Restate word for word the lines of the records below, starting at the line that contains "October breast cancer" and ending at the line that contains "GATES Timing Belt", with both of those lines included and nothing else.

- Data section
BEGIN
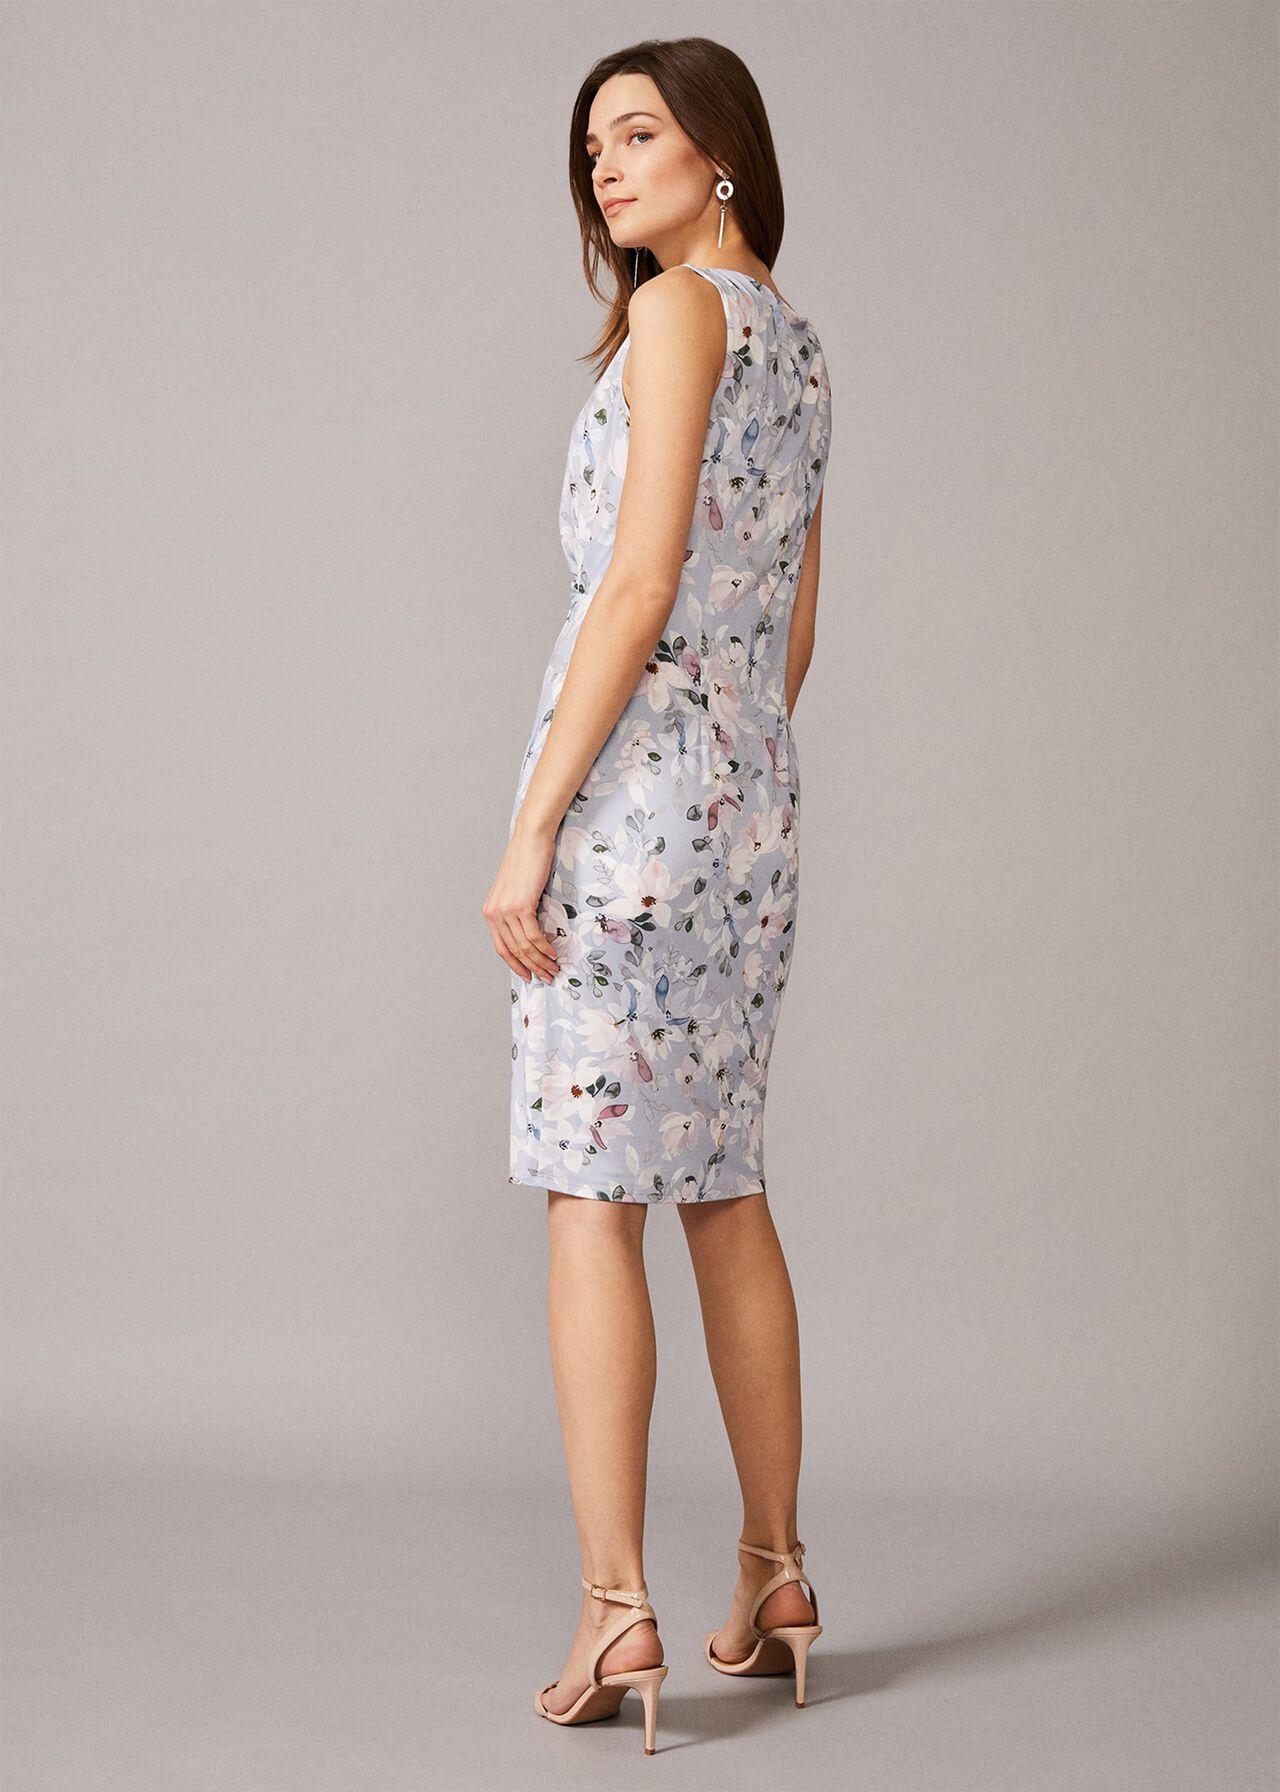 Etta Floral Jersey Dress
END
BEGIN
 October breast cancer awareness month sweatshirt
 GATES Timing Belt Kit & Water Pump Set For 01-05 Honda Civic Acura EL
END
- Reply to the exercise
 October breast cancer awareness month sweatshirt
 GATES Timing Belt Kit & Water Pump Set For 01-05 Honda Civic Acura EL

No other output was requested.